(Material provided begins)

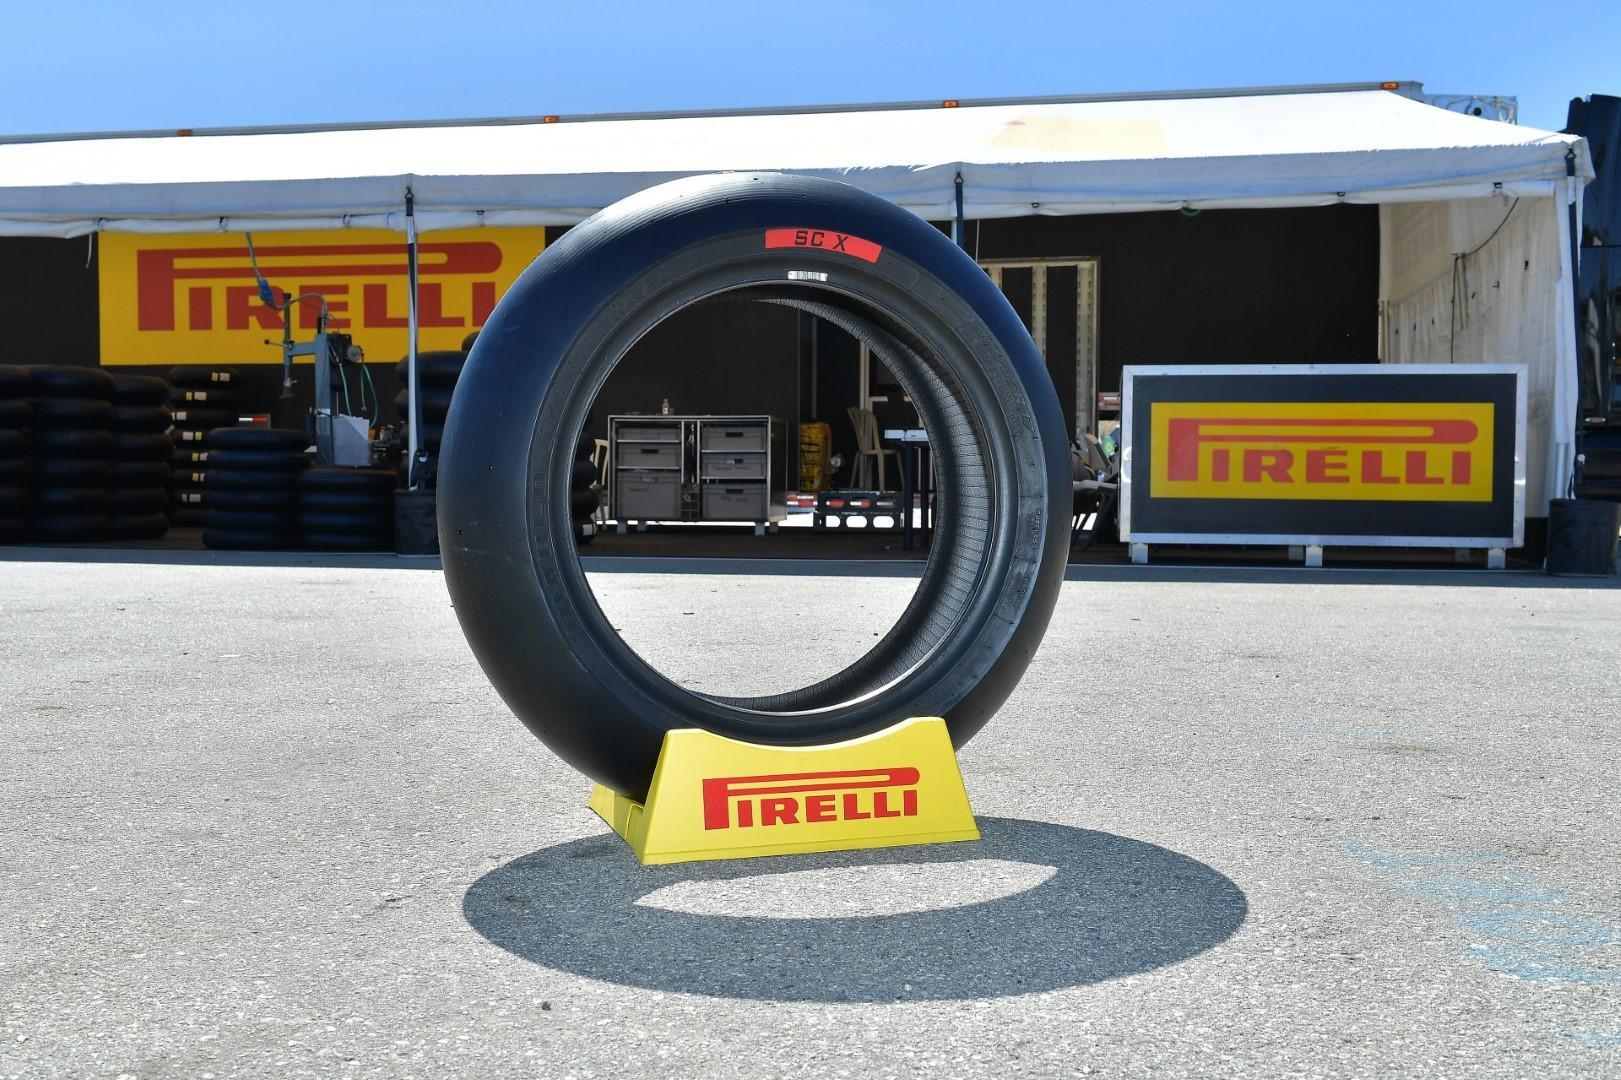 Pirelli fournisseur officiel pour toutes les catégories du Championnat du Monde FIM Superbike jusqu'en 2023
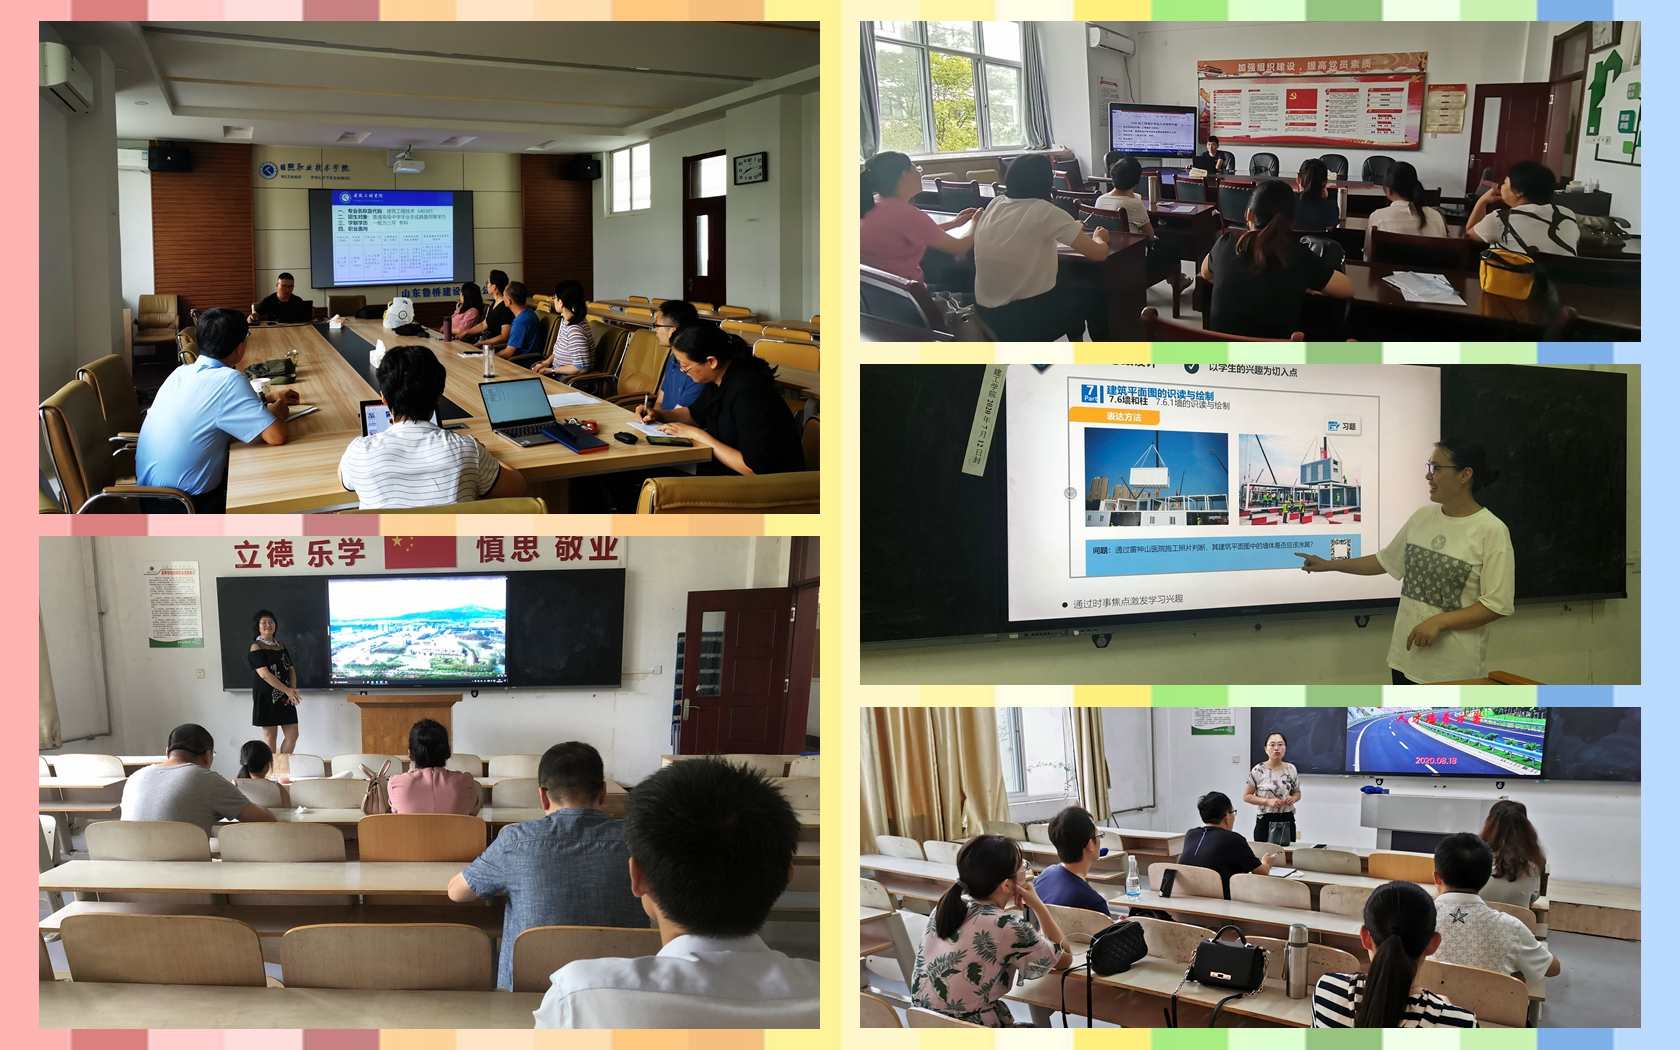 建筑工程学院组织开展说课、说专业...
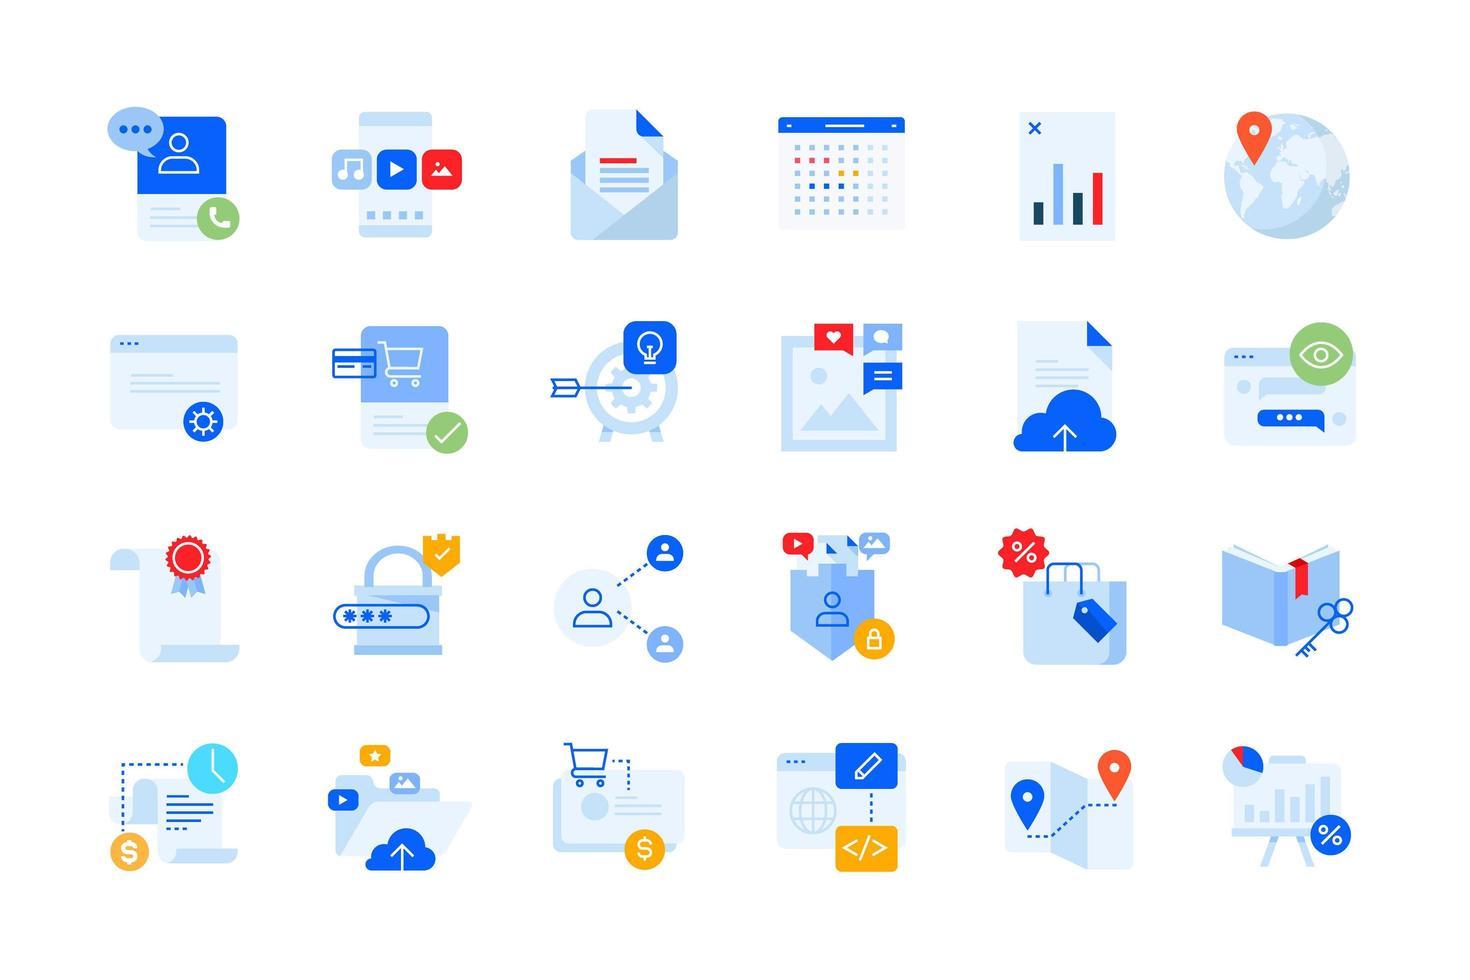 diseño y desarrollo de aplicaciones, iconos modernos de negocios vector

(Material provided ends)

* _Exercise_
Output, word for word, the full listing above, with no pictures.

* _Response to this exercise_
 Pirelli fournisseur officiel pour toutes les catégories du Championnat du Monde FIM Superbike jusqu'en 2023
 建筑工程学院组织开展说课、说专业...
 diseño y desarrollo de aplicaciones, iconos modernos de negocios vector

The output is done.